By noon, I had said a few words about my friends, made myself a sandwich, and found rope, twine, and Leah’s stash of recycled cans. The plan was to line the perimeter with the cans so if any shufflers crossed the cans, the noise would be a warning. Not foolproof, but it kept me busy.
Three days passed before I saw the first shuffler. He was only wearing a robe, stumbling down the road unaccompanied. The barrel of my gun followed him until he was out of sight. Shooting him crossed my mind, but because I’d seen the shufflers react to the car alarm in Shallot, I was afraid the noise would attract more. I let him pass, praying my cowardice wasn’t freeing him to attack someone else down the road.

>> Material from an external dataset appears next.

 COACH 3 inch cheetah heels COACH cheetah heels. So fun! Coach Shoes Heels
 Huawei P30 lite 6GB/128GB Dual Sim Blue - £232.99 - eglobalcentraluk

Every day I watched the road for the girls. To pass the time I cleaned, rearranged, reorganized, and wrote down how the food and water should be rationed. The girls were coming, and I had to make sure there were plenty of supplies for them when they arrived, especially the mac and cheese for Halle, and the double butter popcorn for Jenna.
Day four was depressing. A part of me wanted to believe the girls would come straight to the ranch, but with each passing day it became obvious that wasn’t going to happen. I wasn’t sure why they hadn’t come. Refusing to entertain the worst scenario, I told myself Andrew was taking his time to keep our children safe. Still, the waiting was agonizing. Before the outbreak, there was never enough time. Now, the days dragged on, and I felt more and more alone, wondering if I was the only person left alive. That led to more uneasy thoughts: if Christy leaving early had helped her and her daughter Kate find someplace safe, if David and his family were okay, if David had made it out of the hospital at all. If he was working Mrs. Sisney’s code and she was attacking people outside . . . I shuddered, shaking the likely scene from my mind, only to think of other, less settling things. My mother was home alone, and so was my neighbor, Mrs. Chebesky. I wanted to call them to see if they were all right. I’d tried the doctor’s landline the first evening and every day after, but an automated response turned into weird, incessant beeps, and then there was no dial tone at all.